I have boot partition , with boot flag and in fstab im too inserted the partitions. 

But one moment is suspect, in grub.cfg in line, where im write acpi=off, i see that kernel boot from /dev/cciss/c0d0p4, c0d0p4 is root partition, boot partition is c0d0p2. But i see that c0d0p2 is mounted

----------

## krinn

 *kapecitis wrote:*   

> I think that its bad idea, but im trying to compile new kernel with make allyesconfig

 

i agree, a bad idea  :Wink: 

----------

## eccerr0r

 *kapecitis wrote:*   

> 
> 
> $ grep modeset /etc/modprobe* says that is a directory (???)
> 
> 

 

oops try grep modeset /etc/modprobe.d/*

But I don't think this is the problem now because of what you posted in dmesg - it didn't even bother trying to load, or the dmesg is missing the diagnostic when it fails loading the nvidia drm driver (nouveau).  Or could you post dmesg after trying to modprobe?

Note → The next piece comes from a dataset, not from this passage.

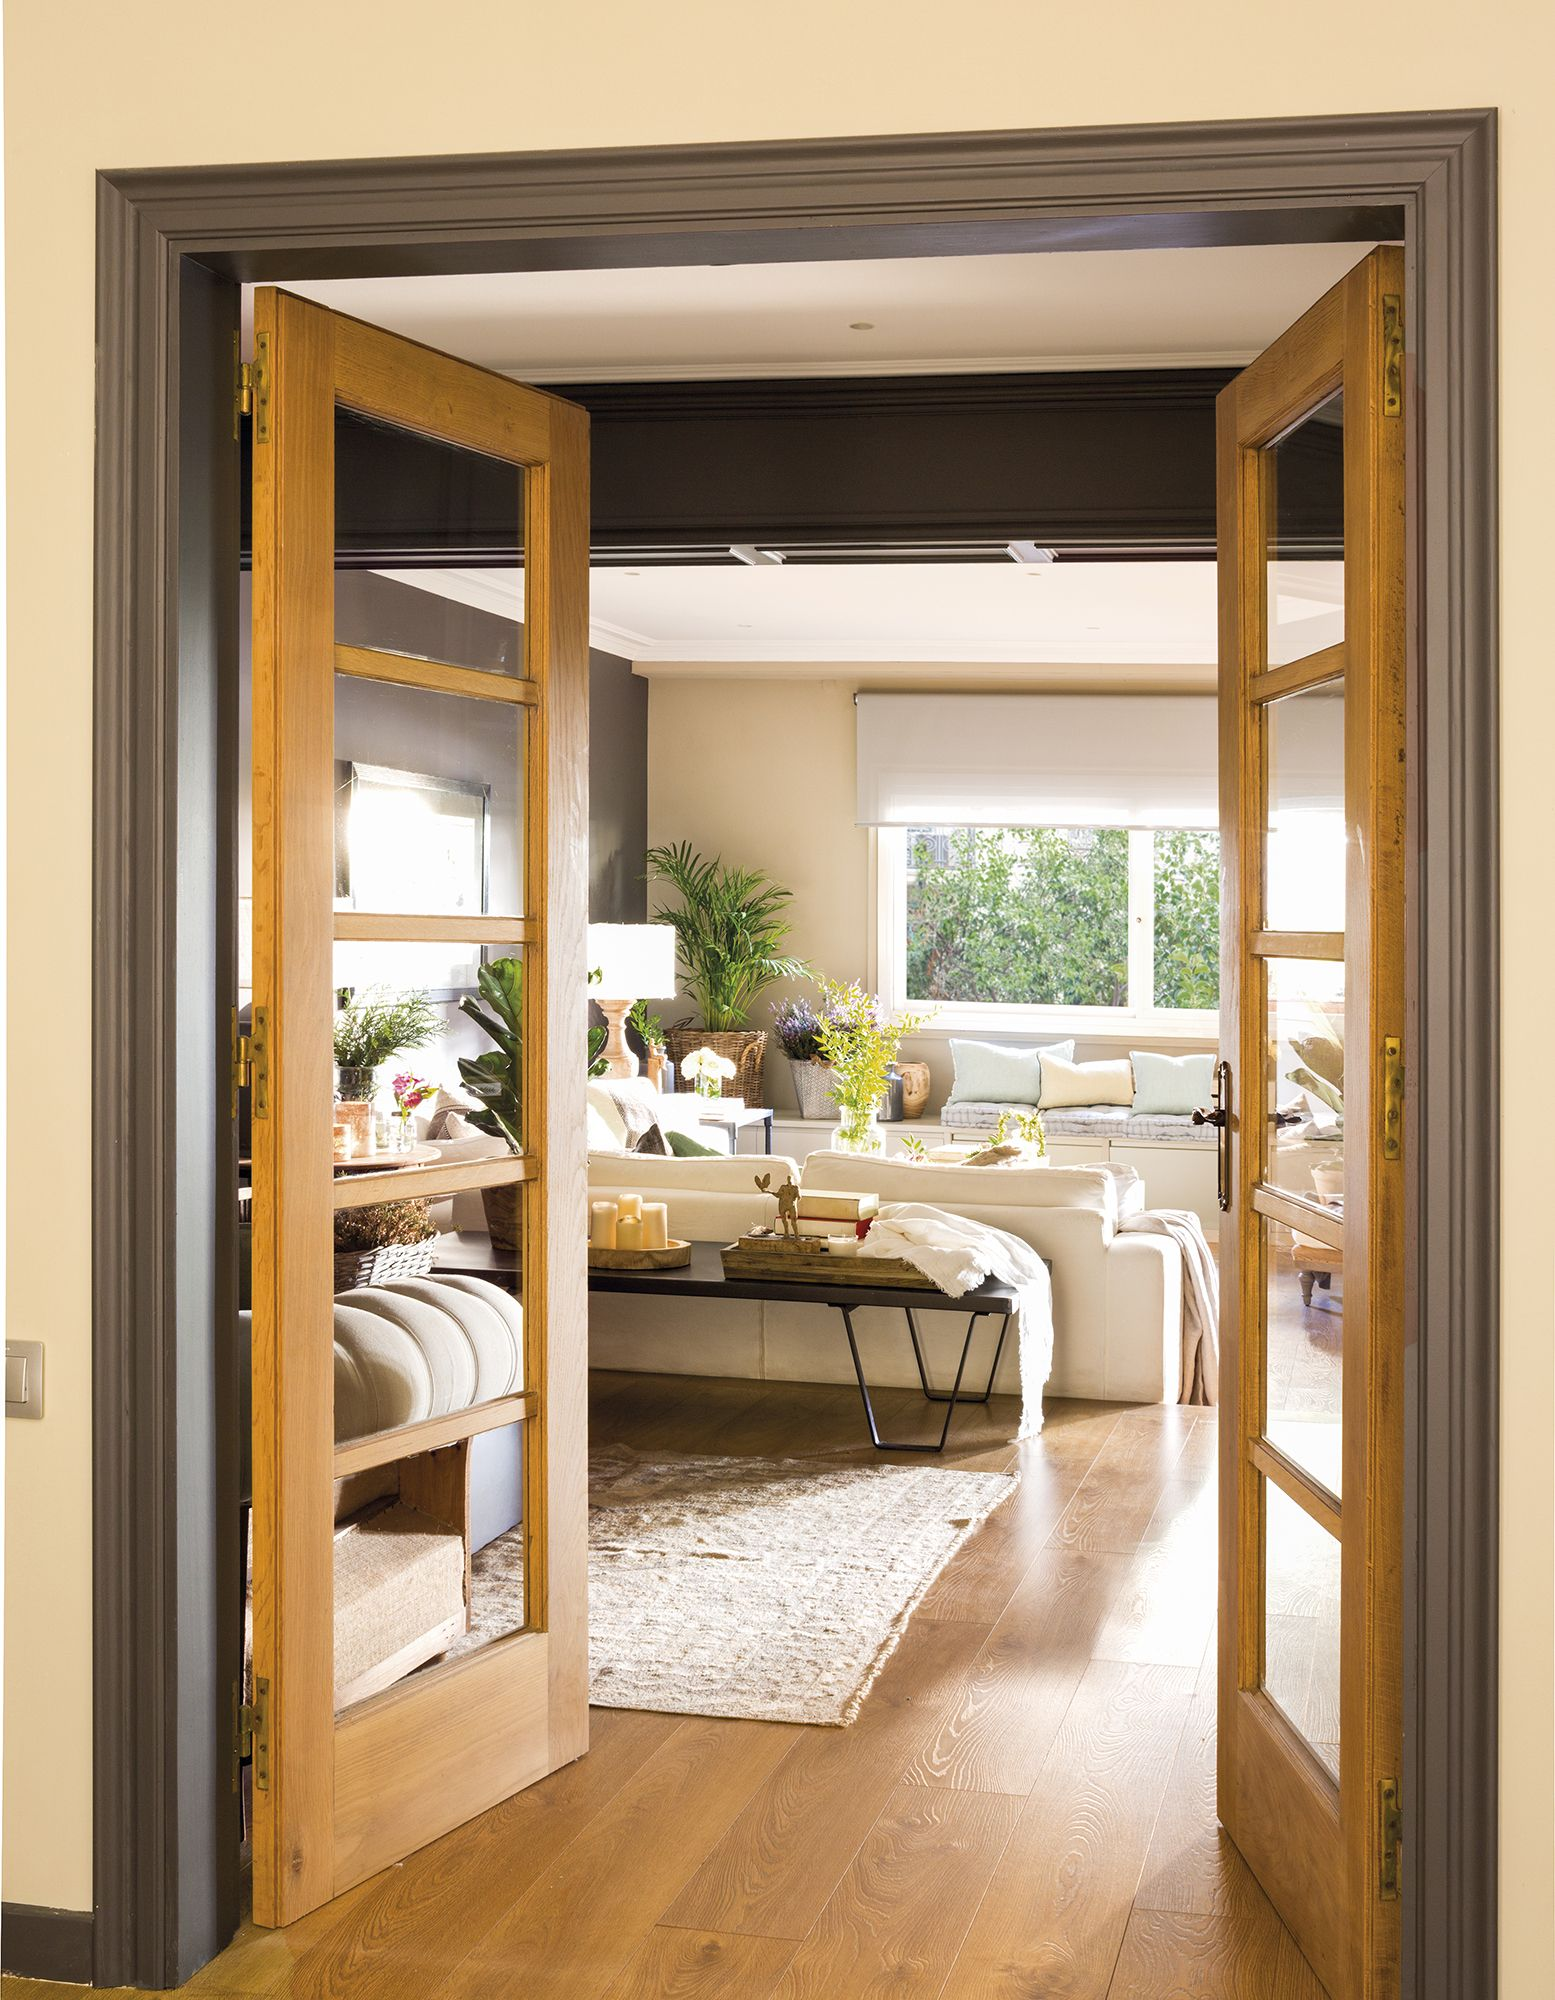 Un piso con aires de club ingl s puertas puertas - Puertas piso interior ...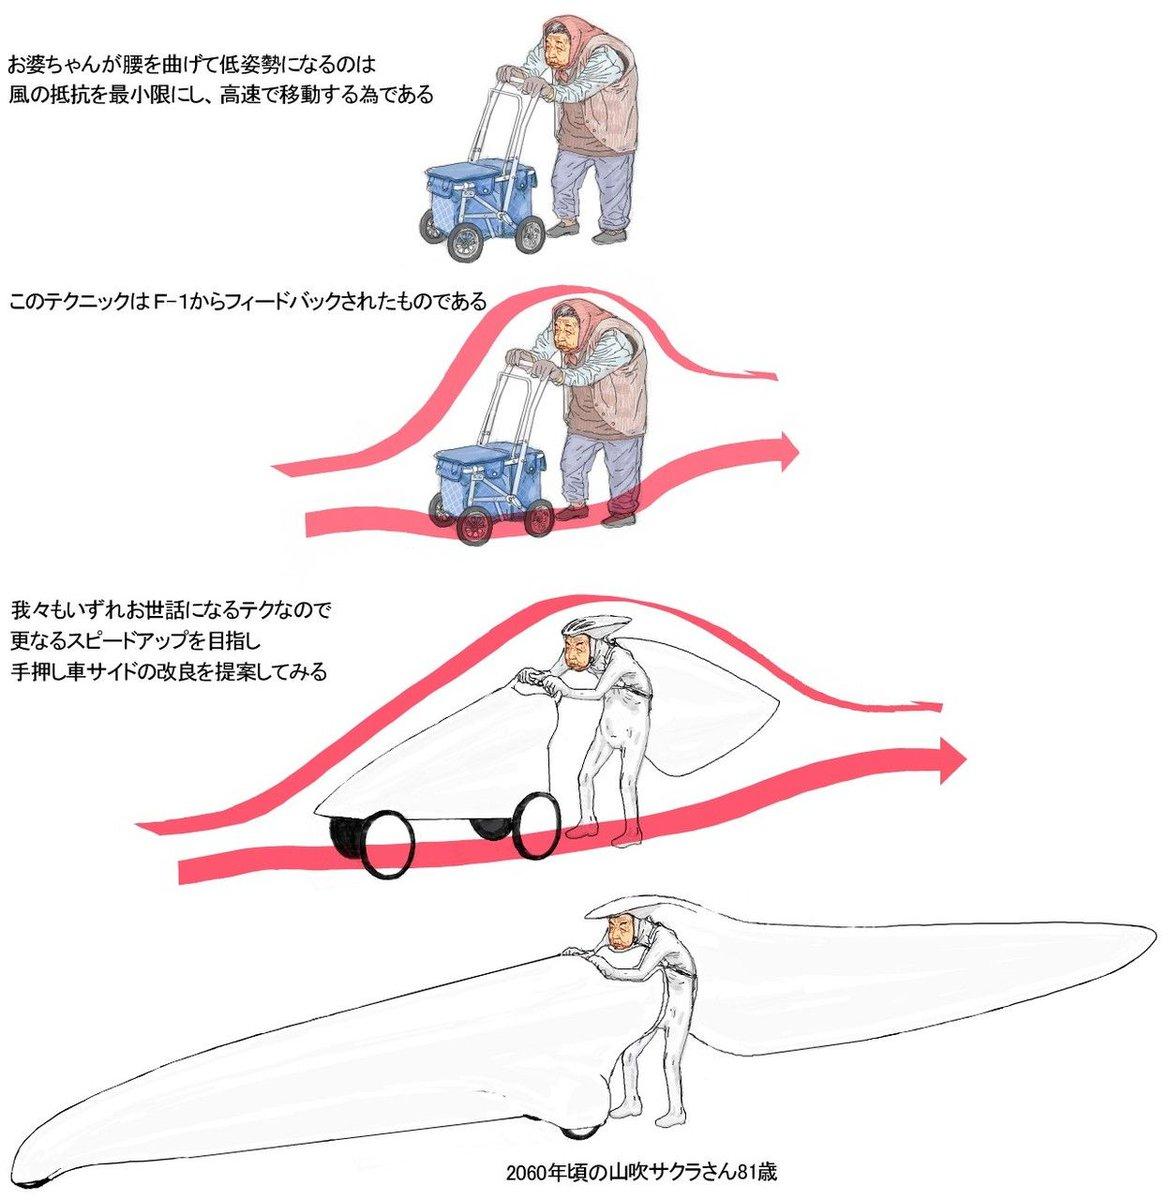 お婆ちゃんかっこよすぎでしょw空気抵抗を説明するこのイラストおかしい

And yeah allyesconfig is bad, because minimally you need FB_NVIDIA to be N :)

----------

## kapecitis

 *krinn wrote:*   

>  *kapecitis wrote:*   I think that its bad idea, but im trying to compile new kernel with make allyesconfig 
> 
> i agree, a bad idea 

 

Its just experiment  :Smile: 

----------

## kapecitis

 *eccerr0r wrote:*   

>  *kapecitis wrote:*   
> 
> $ grep modeset /etc/modprobe* says that is a directory (???)
> 
>  
> ...

 

grep modeset /etc/modprobe.d/*  says nothing

----------

## kapecitis

Haha , at this moment, after compiling new kernel with make , i have this problem

http://s019.radikal.ru/i627/1705/d9/c0cf606091ca.jpg

This problem is appear after line: testing tracer function

----------

## NeddySeagoon

kapecitis,

allyesconfig is not a useful kernel configuration.  Some options conflict and must not be set to yes at the same time.

When you start from allyesconfig, you are supposed to make changes yourself before the kernel build.

Still, the panic shows that the kernel binary is being installed into /boot correctly.

Go back to genkernel -menuconfig all. And follow the Wiki Nouveau page.

There are some kernel changes you need to make there.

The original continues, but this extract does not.